Abstract

In the past several years, financial statements fraud has cost market participants huge sum of loss and it has eroded market participants confidence in the audit financial report of organisations. This study therefore, examined the determinants of financial statement fraud in Nigeria and South Africa. The study specifically focus on firm size, leverage, board independence, institutional ownership, firm profitability and capital structure. The population of the study comprised 510 quoted non-financial companies in the Nigeria Stock Exchange and Johannesburg Stock Exchange for the periods 2012 to 2018. A sample size of 70 was selected using random sampling techniques. The data collected were analysed using descriptive statistics and robust least square regression analysis. It was observed from the descriptive statistics that there is presence of financial statement fraud reporting among the quoted non-financial companies in Nigeria and South Africa.

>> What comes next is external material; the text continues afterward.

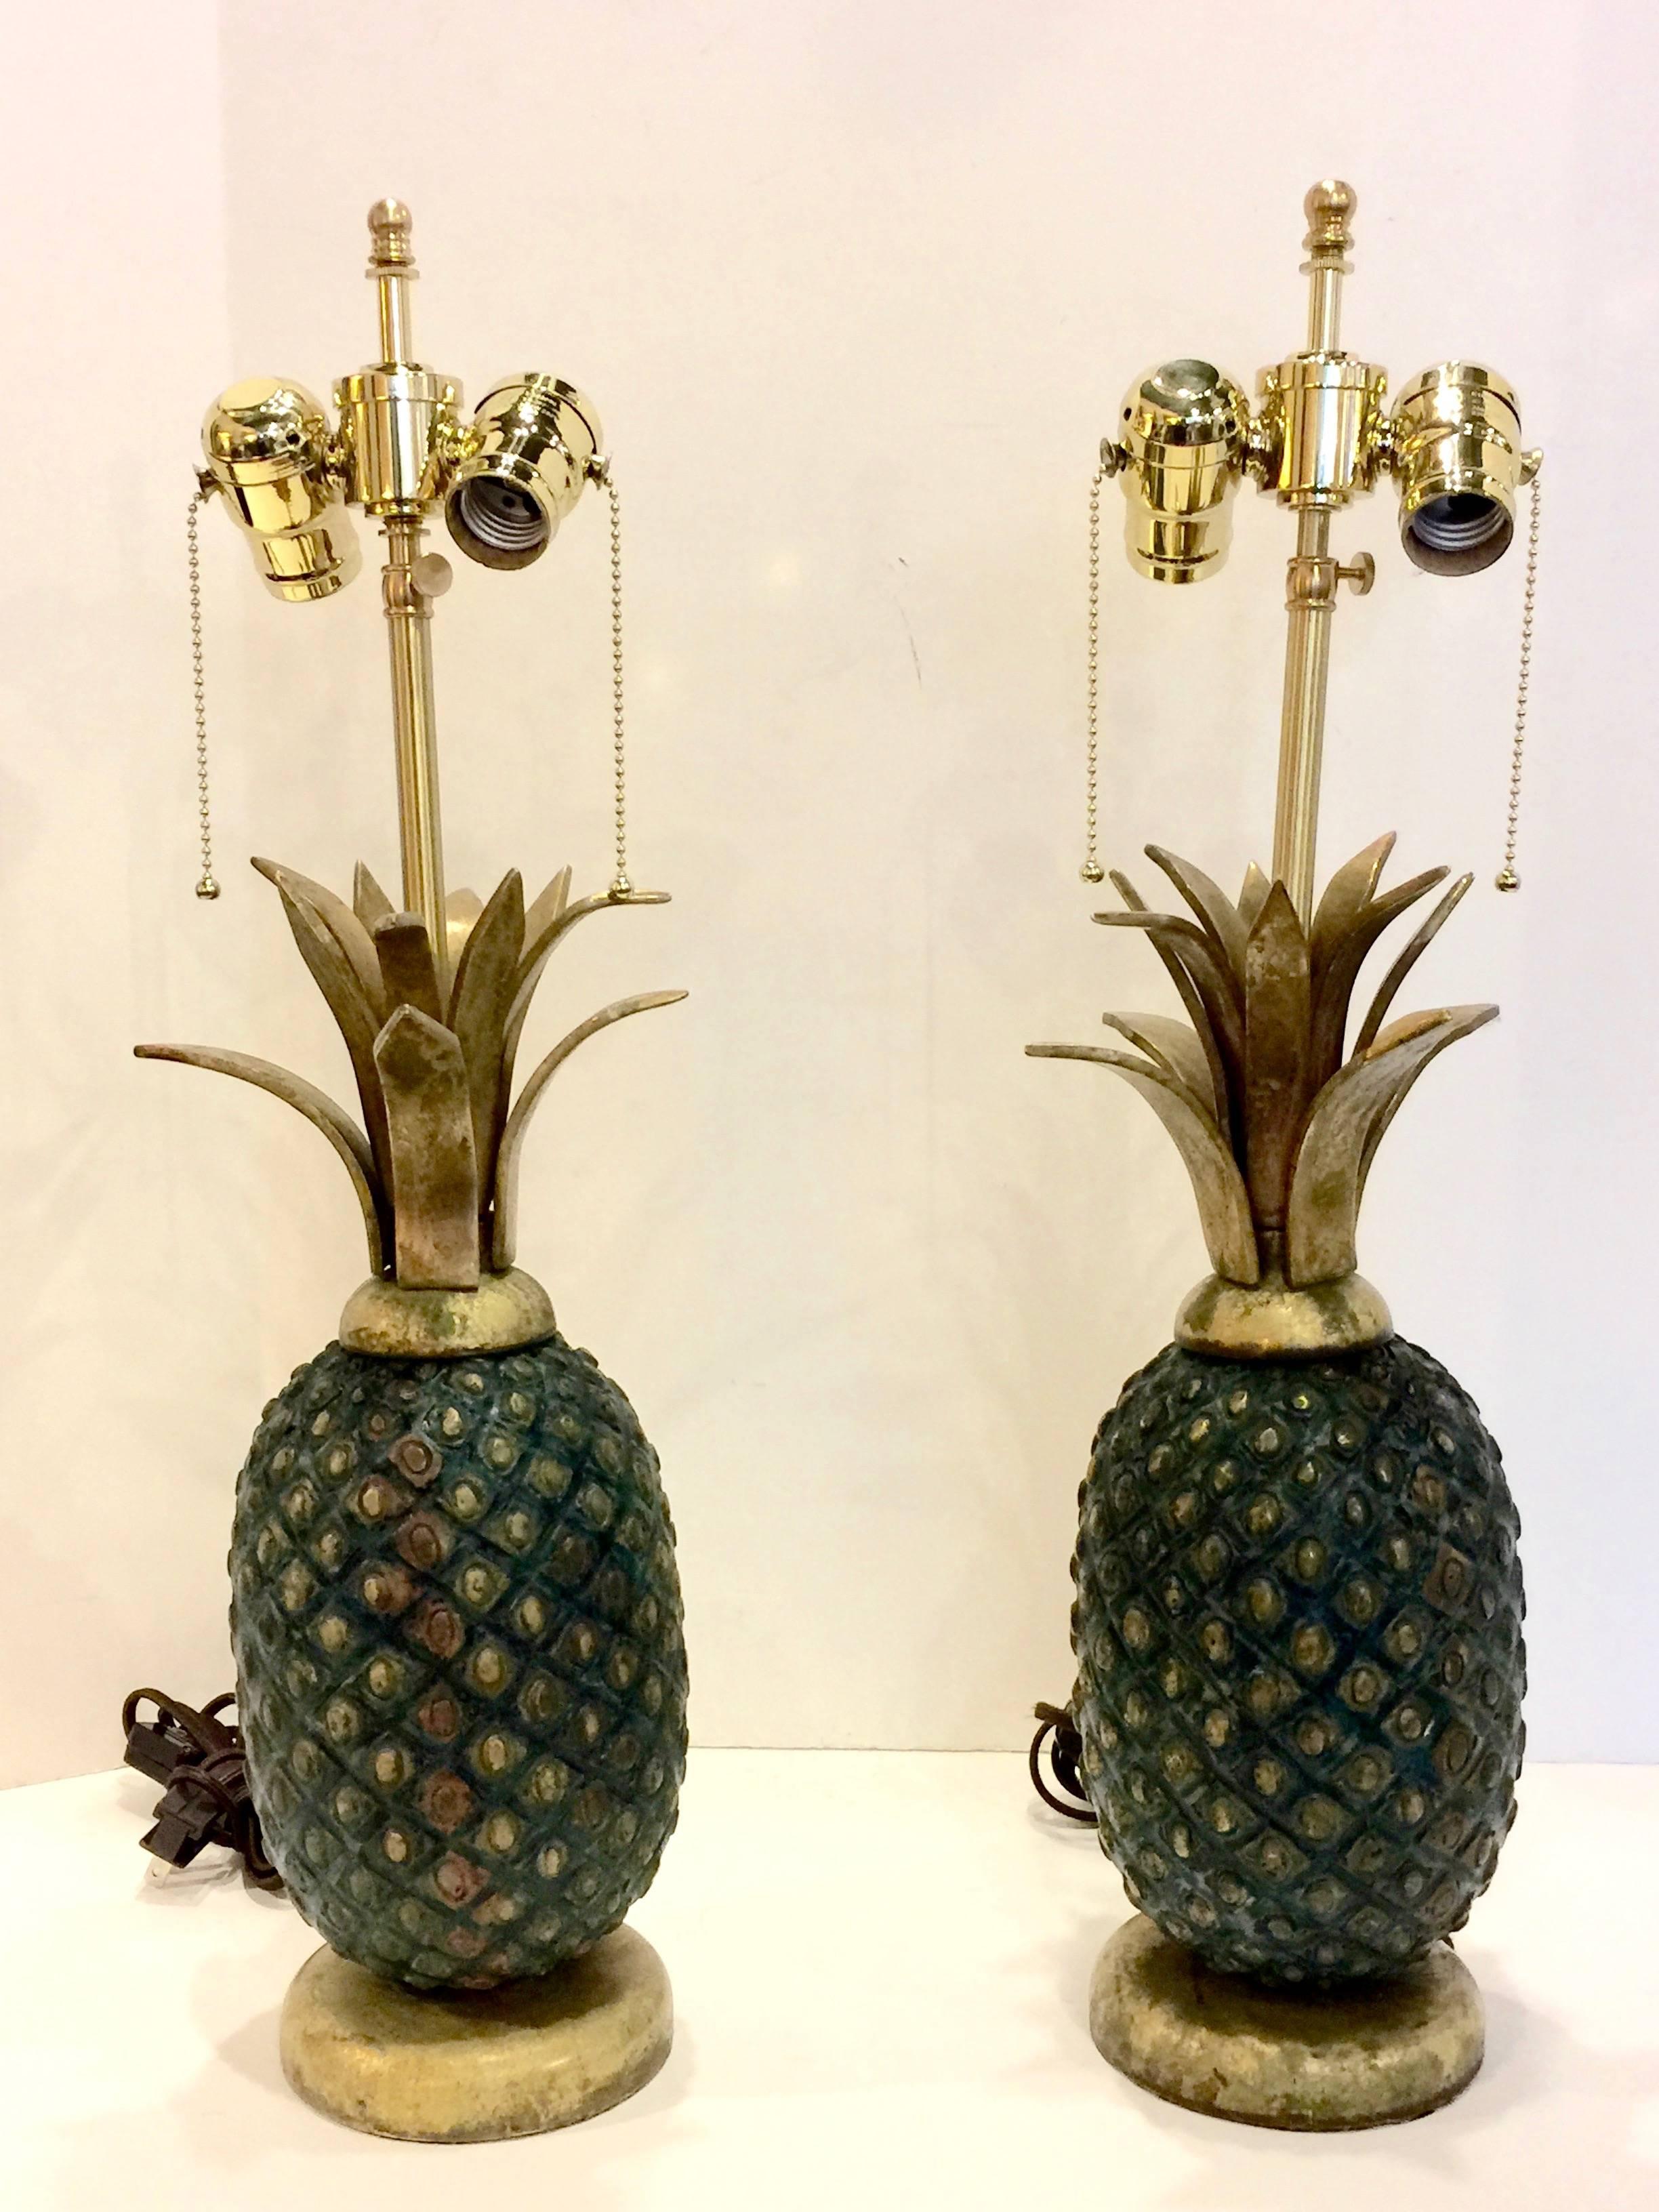 Il s'agit d'une superbe paire de lampes ananas réalisées par le célèbre maître moderniste mexicain, Pepe Mendoza. Ces lourdes lampes ont été fabriquées en laiton massif et sont en excellent état d'origine, à l'exception d'une mise à jour avec de
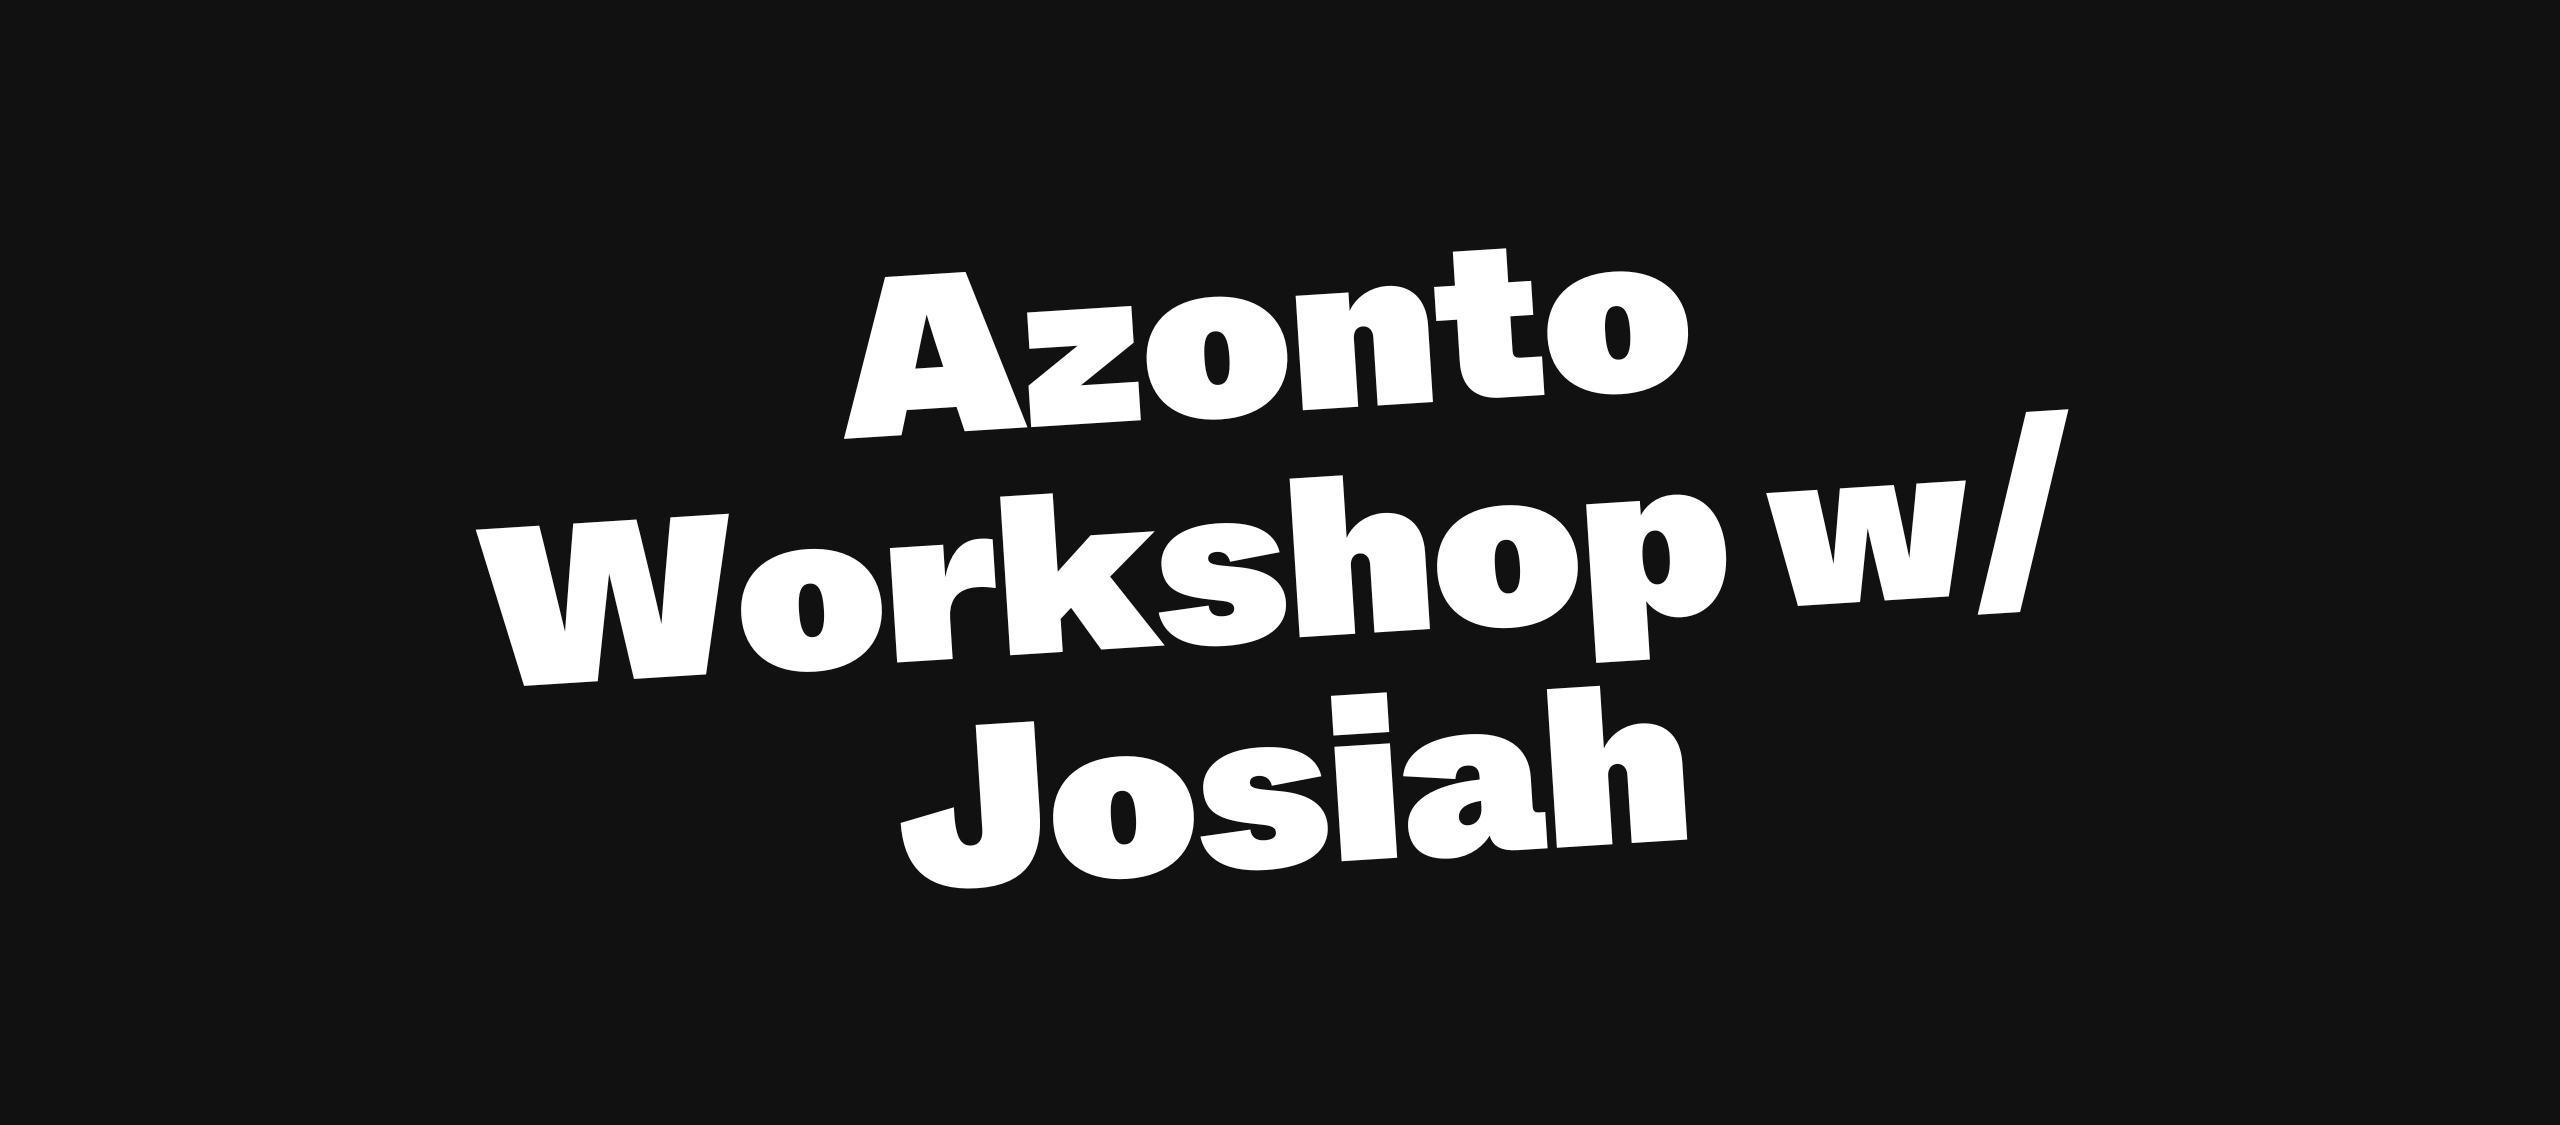 Azonto Workshop w/ Josiah

The results revealed that firm size was statistically significant in Nigeria and South Africa, leverage was statistically insignificant in Nigeria and South Africa, board independence was statistically significant in Nigeria but insignificant in South Africa, institutional ownership was statistically significant in Nigeria and insignificant in South Africa, firm profitability was statistically significant in South Africa but insignificant in Nigeria while capital structure was statistically insignificant in Nigeria and South Africa. The study recommended that the results have direct implications for further improvement of firm size, board independence, institutional investors and capital structure.